REQUIREMENT:
Reproduce the whole of the records exactly, and make sure no picture is carried into the result.

__________

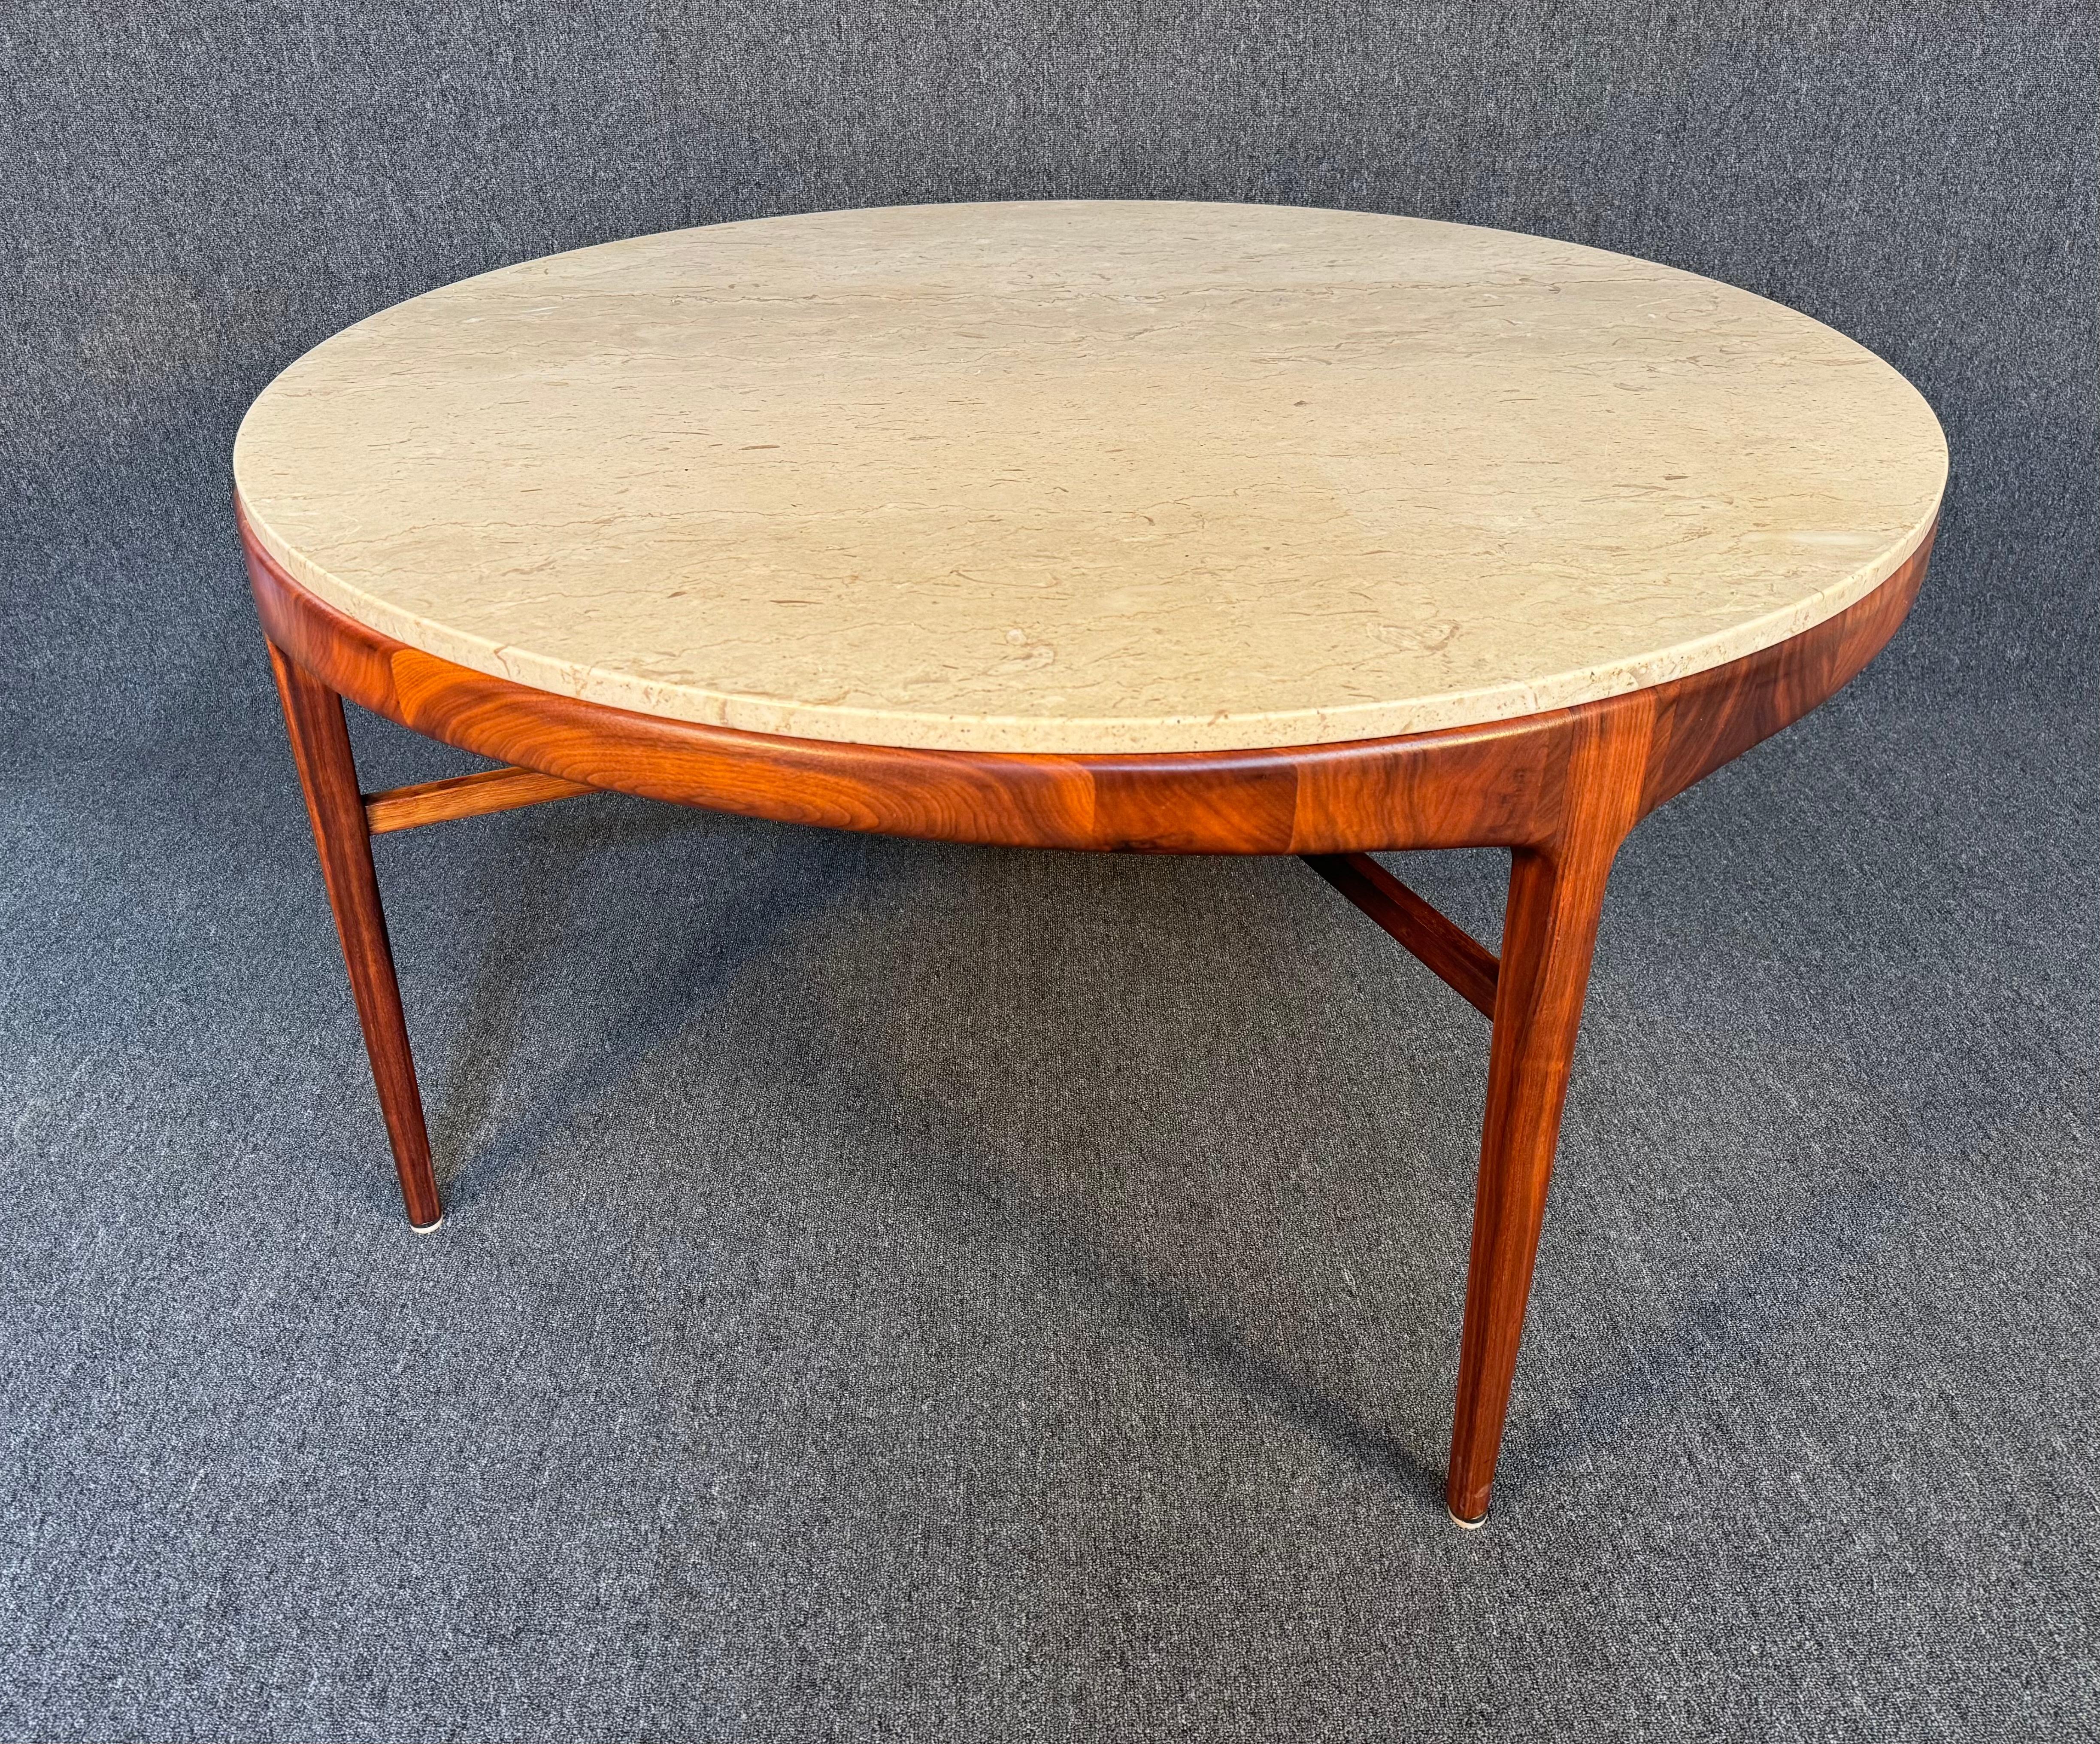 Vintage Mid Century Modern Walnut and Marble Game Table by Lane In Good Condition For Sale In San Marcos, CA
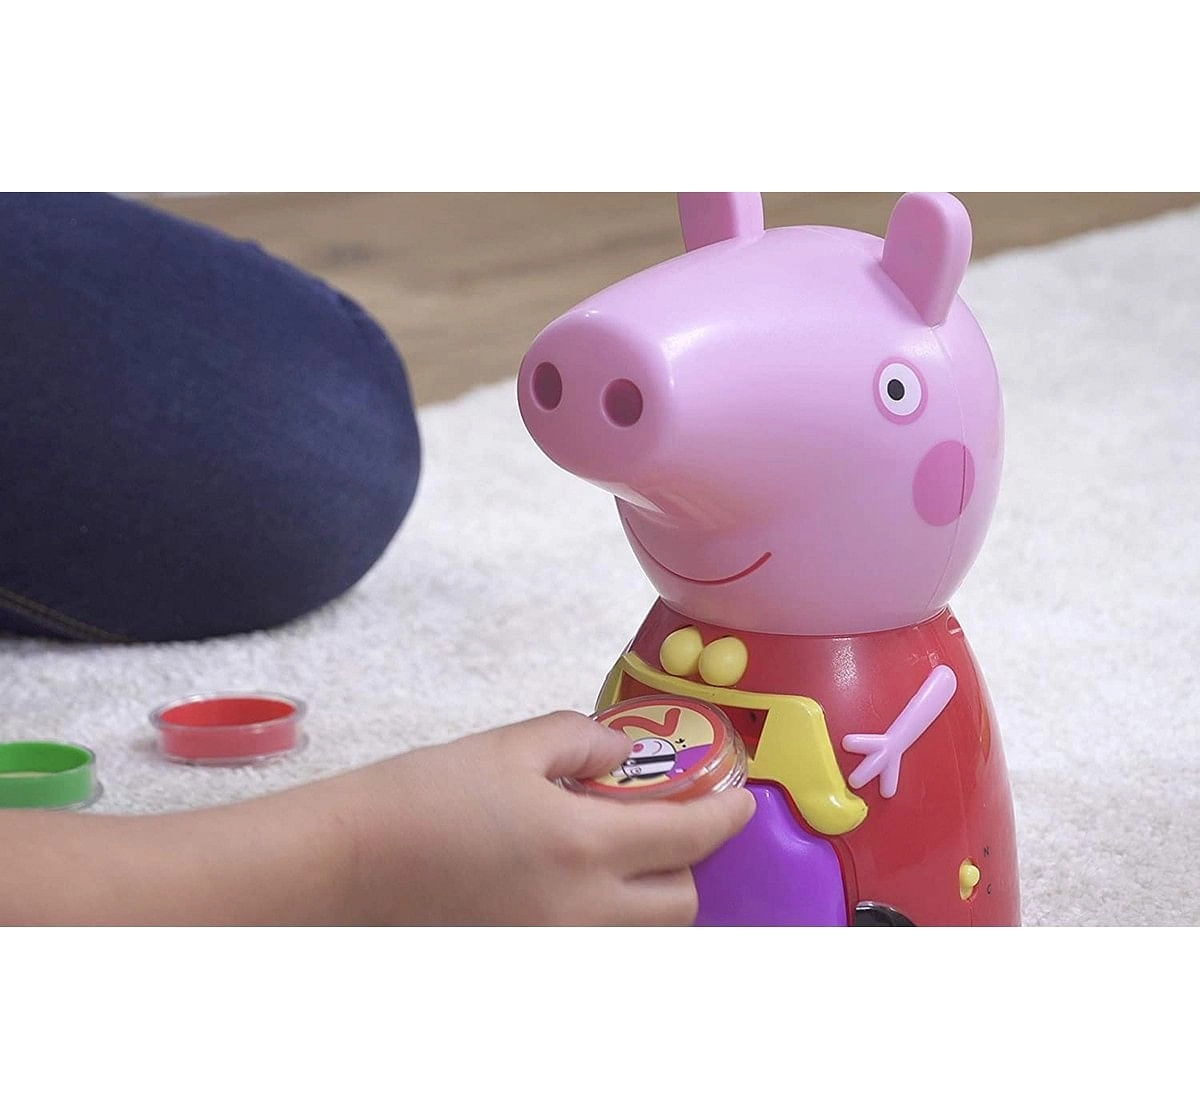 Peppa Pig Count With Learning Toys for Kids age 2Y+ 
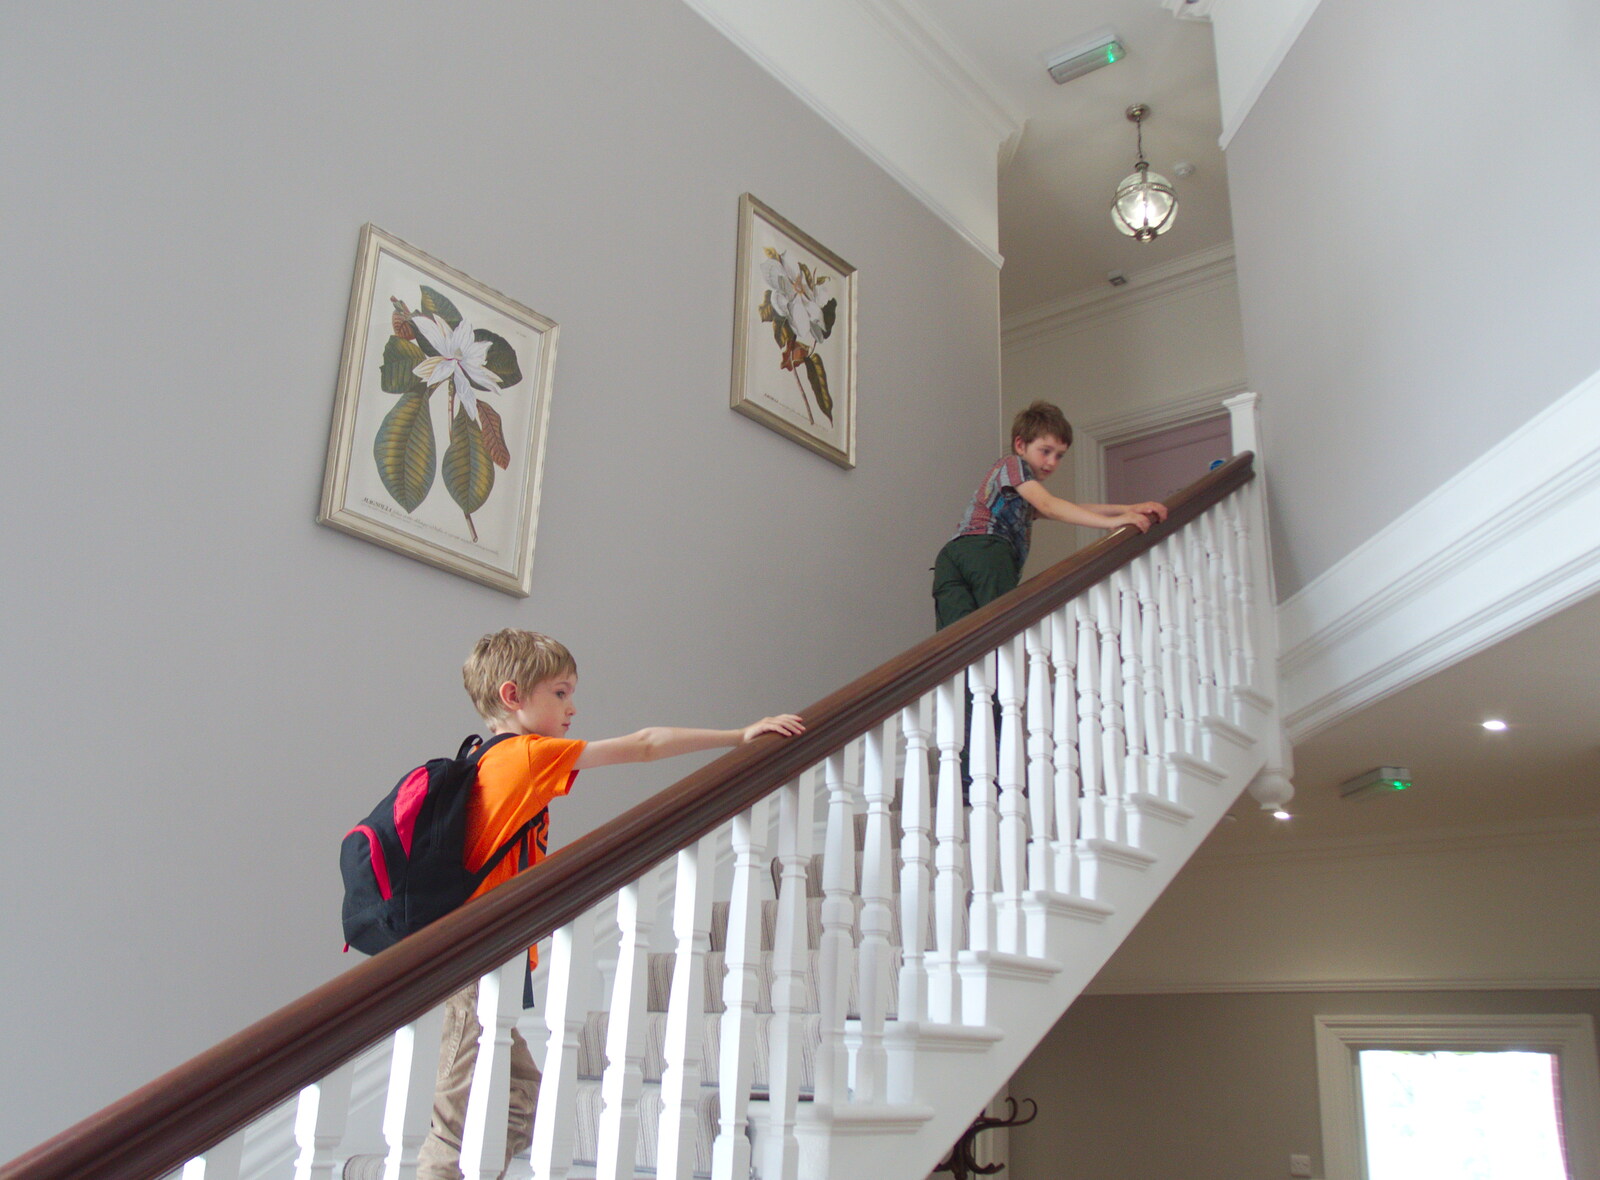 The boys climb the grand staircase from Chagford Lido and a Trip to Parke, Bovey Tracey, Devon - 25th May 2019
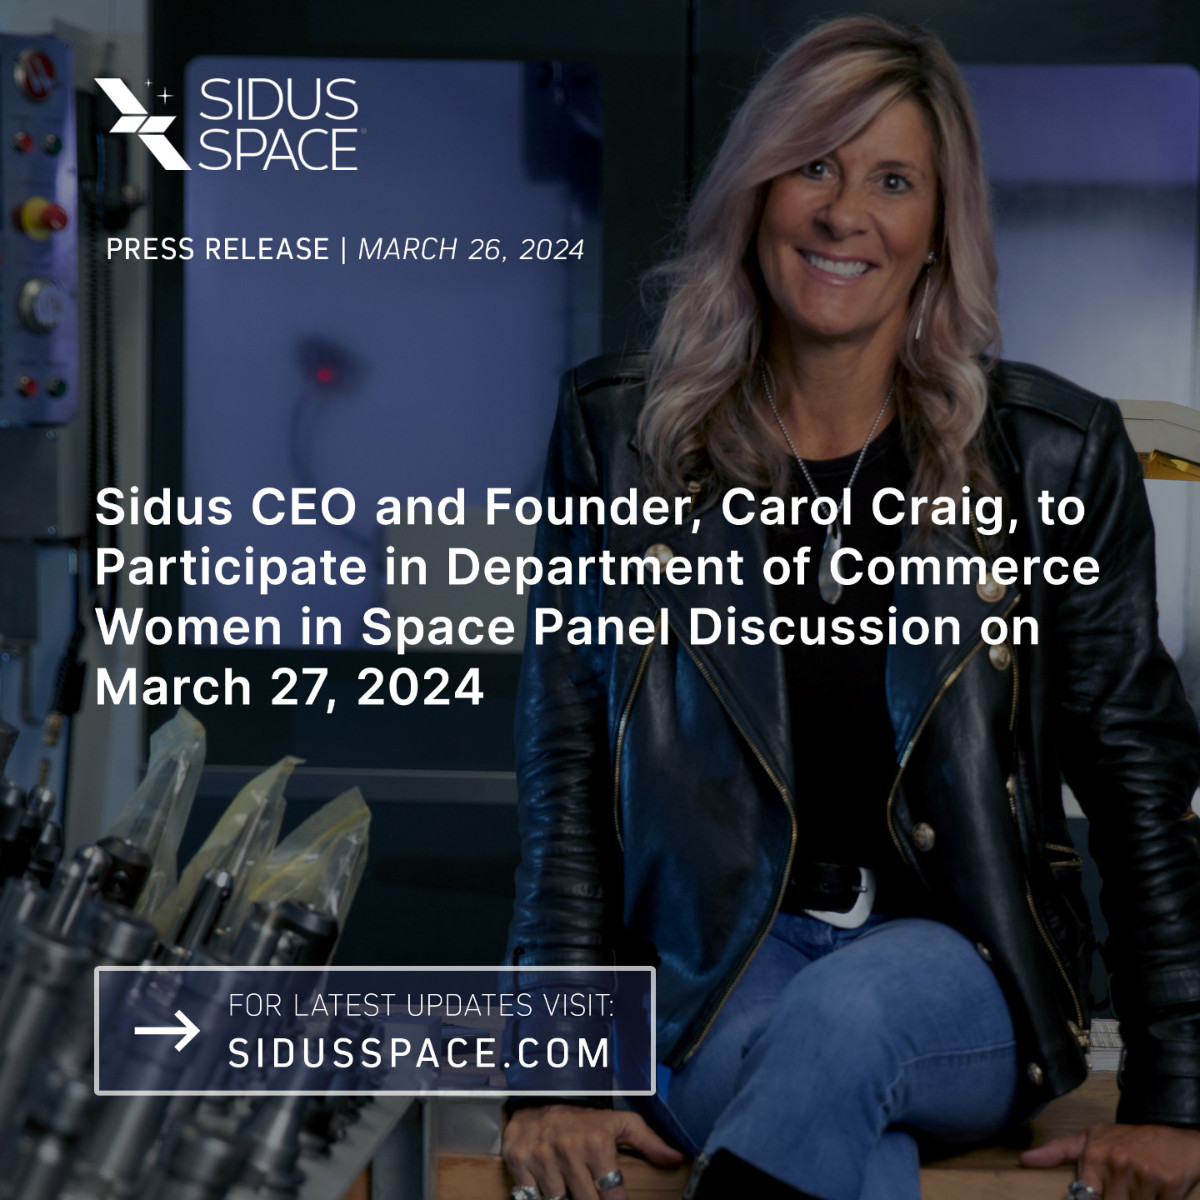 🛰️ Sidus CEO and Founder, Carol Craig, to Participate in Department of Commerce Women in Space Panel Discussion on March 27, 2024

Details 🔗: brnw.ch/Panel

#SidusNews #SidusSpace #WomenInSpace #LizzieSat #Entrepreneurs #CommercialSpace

__________

EXERCISE SOLUTION:
 Vintage Mid Century Modern Walnut and Marble Game Table by Lane In Good Condition For Sale In San Marcos, CA
 Peppa Pig Count With Learning Toys for Kids age 2Y+ 
 The boys climb the grand staircase from Chagford Lido and a Trip to Parke, Bovey Tracey, Devon - 25th May 2019
 🛰️ Sidus CEO and Founder, Carol Craig, to Participate in Department of Commerce Women in Space Panel Discussion on March 27, 2024

Details 🔗: brnw.ch/Panel

#SidusNews #SidusSpace #WomenInSpace #LizzieSat #Entrepreneurs #CommercialSpace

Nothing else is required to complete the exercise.